Top of GIVEN ENTRIES

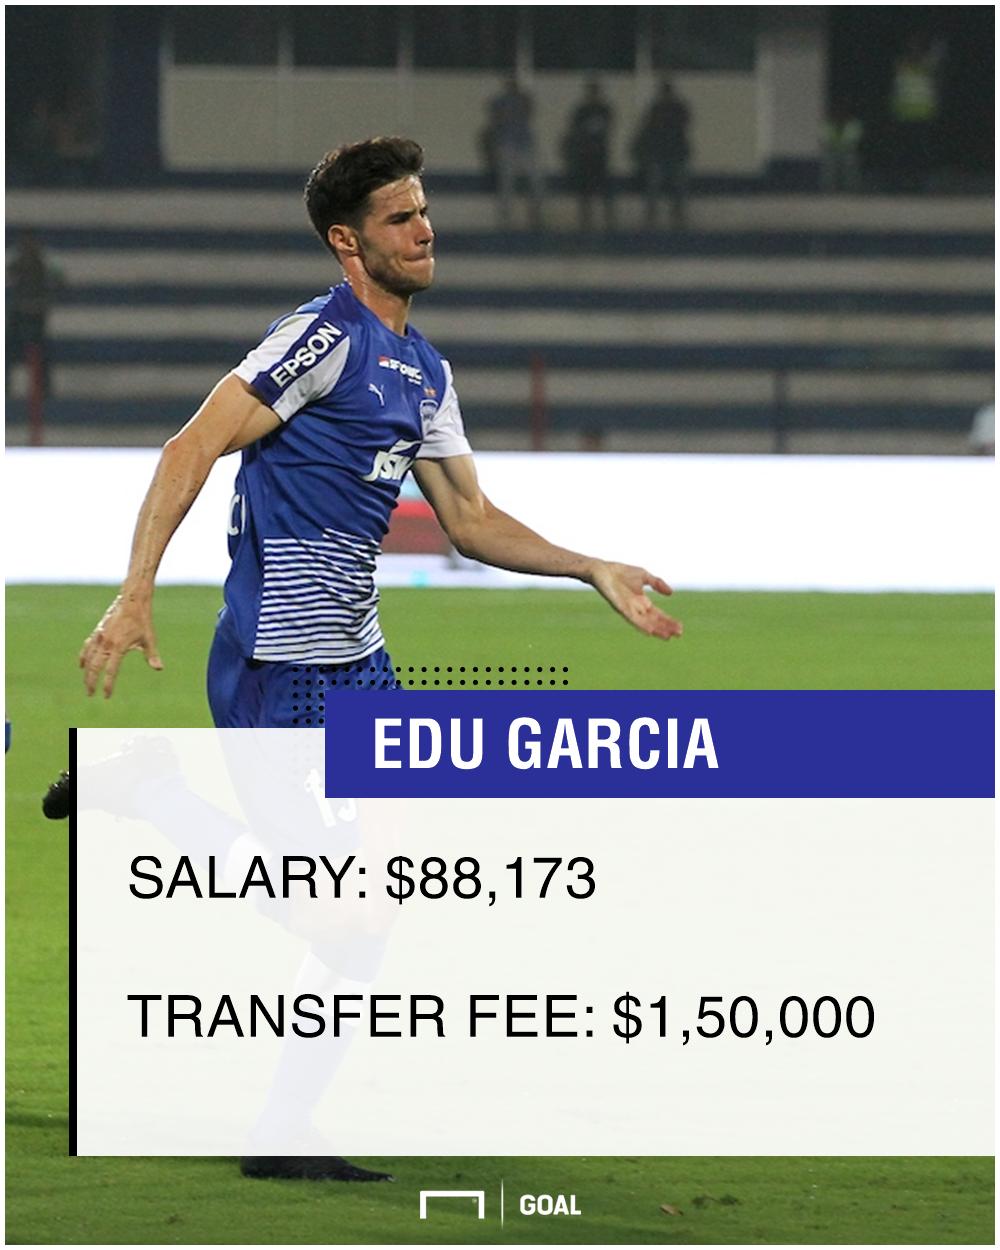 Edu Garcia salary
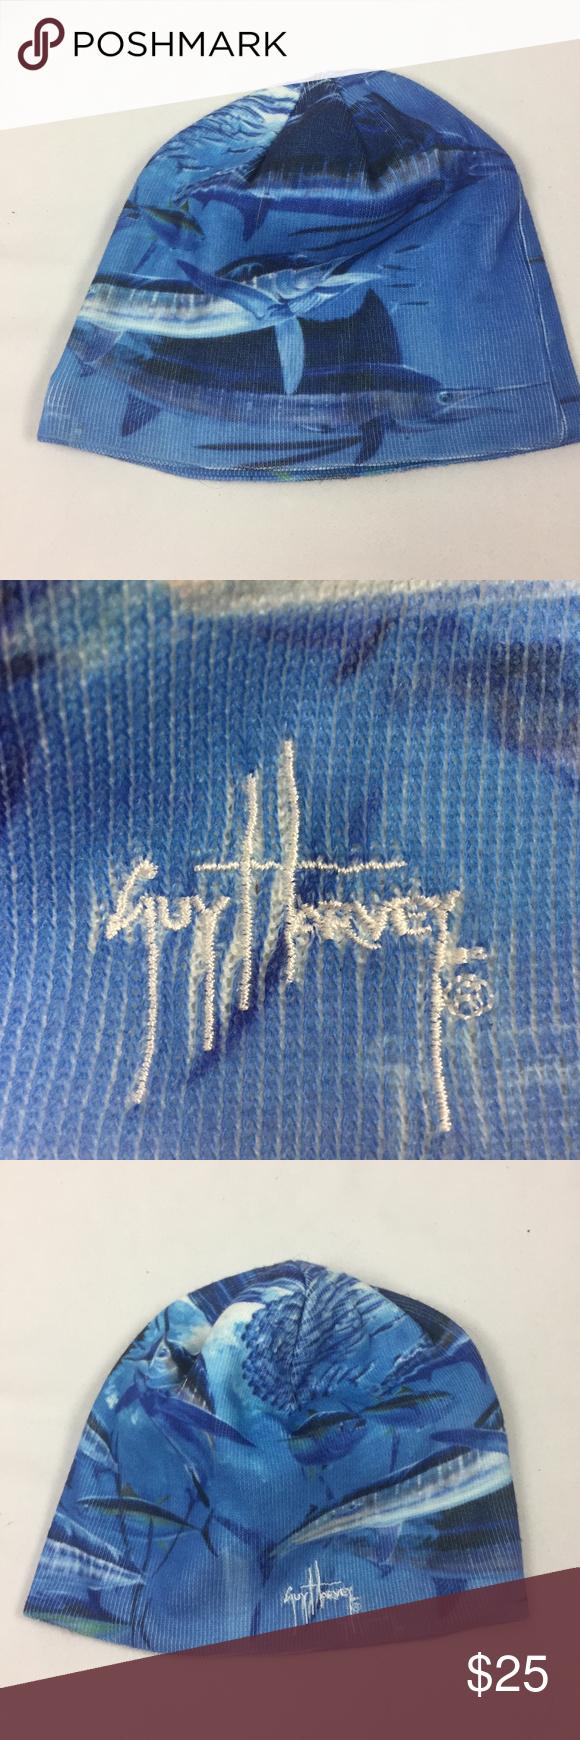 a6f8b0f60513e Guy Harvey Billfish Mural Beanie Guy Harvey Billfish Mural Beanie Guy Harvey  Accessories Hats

Bottom of GIVEN ENTRIES
Top of GIVEN ENTRIES

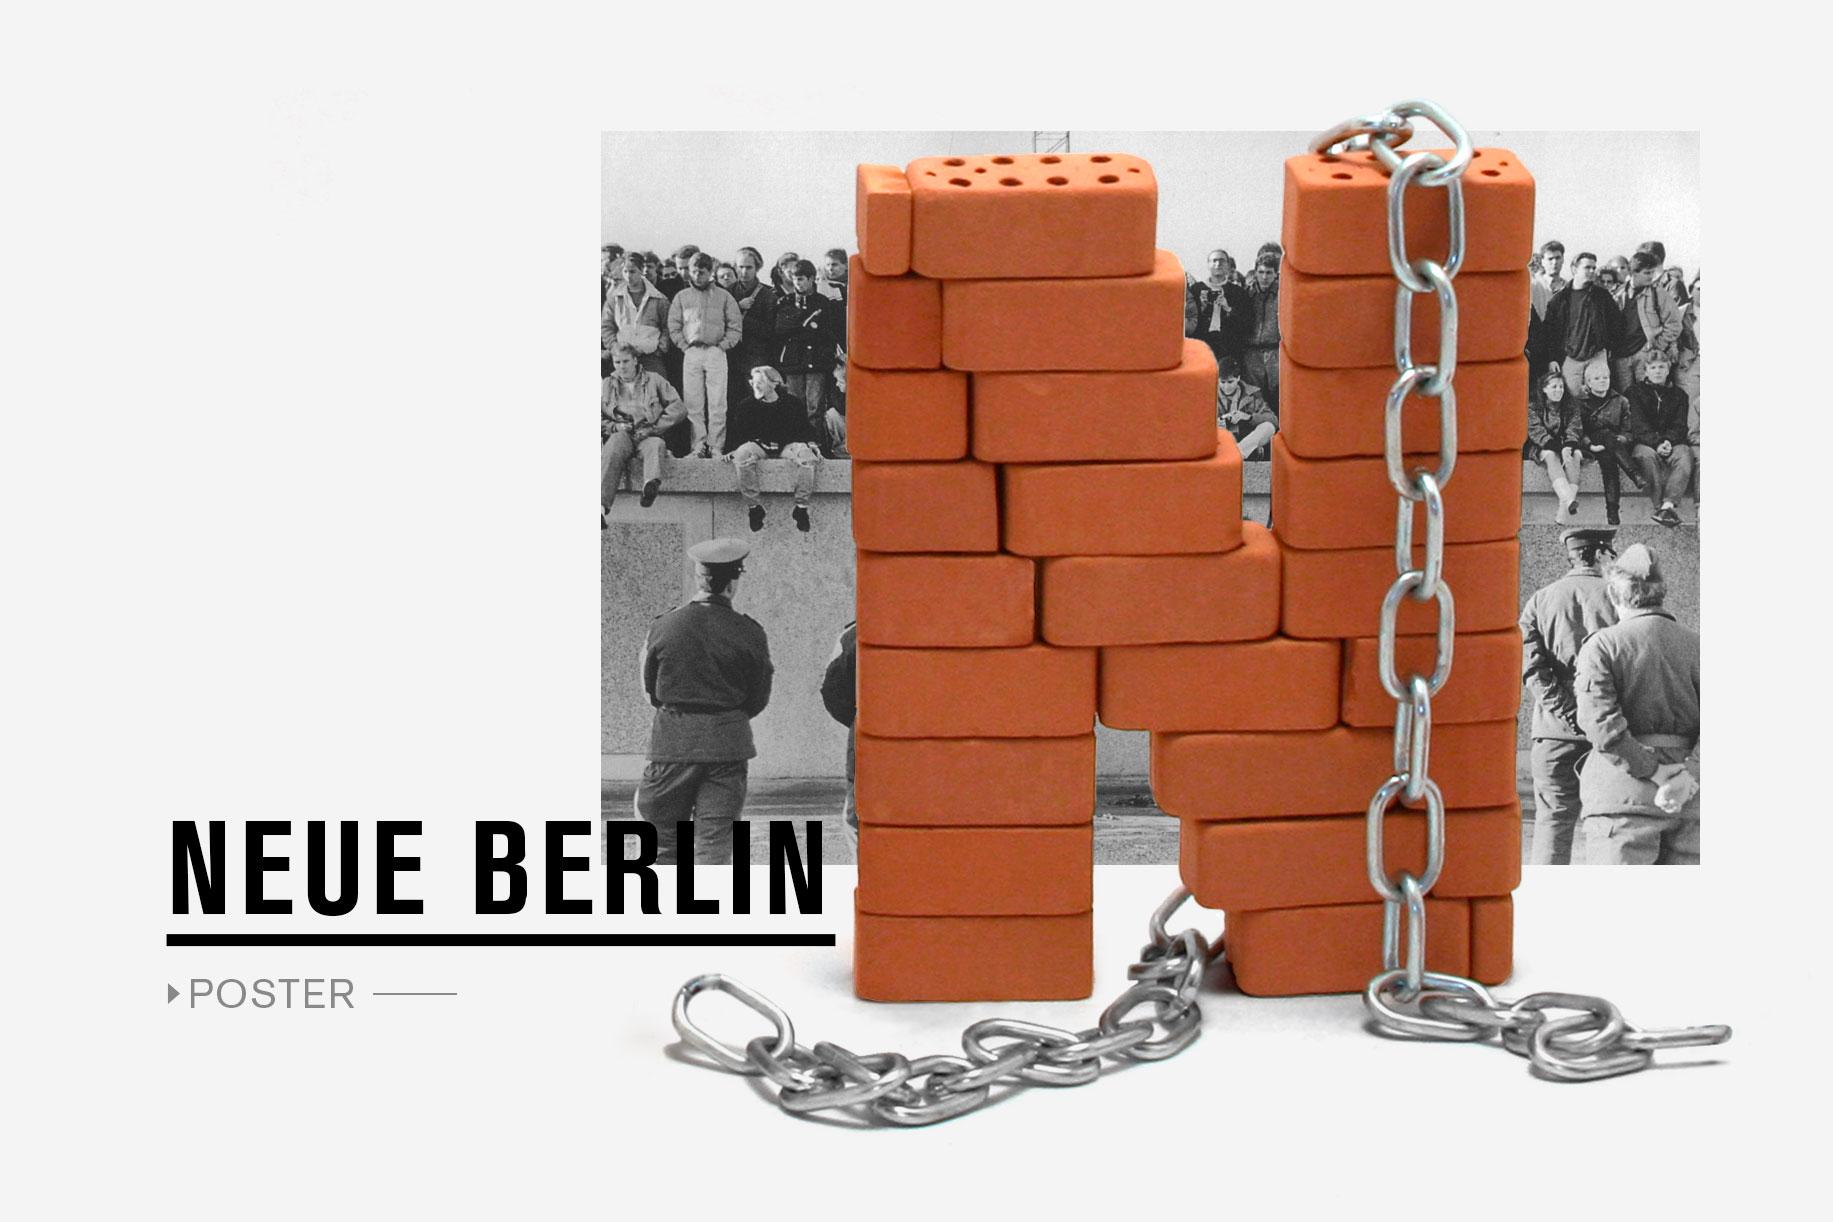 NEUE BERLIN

Bottom of GIVEN ENTRIES

→ **YOUR TASK**
In the listing above, find the line holding "Edu Garcia salary" and the line holding "a6f8b0f60513e Guy Harvey". Reproduce those two lines and all between them exactly, leaving out pictures.

→ **YOUR SOLUTION**
 Edu Garcia salary
 a6f8b0f60513e Guy Harvey Billfish Mural Beanie Guy Harvey Billfish Mural Beanie Guy Harvey  Accessories Hats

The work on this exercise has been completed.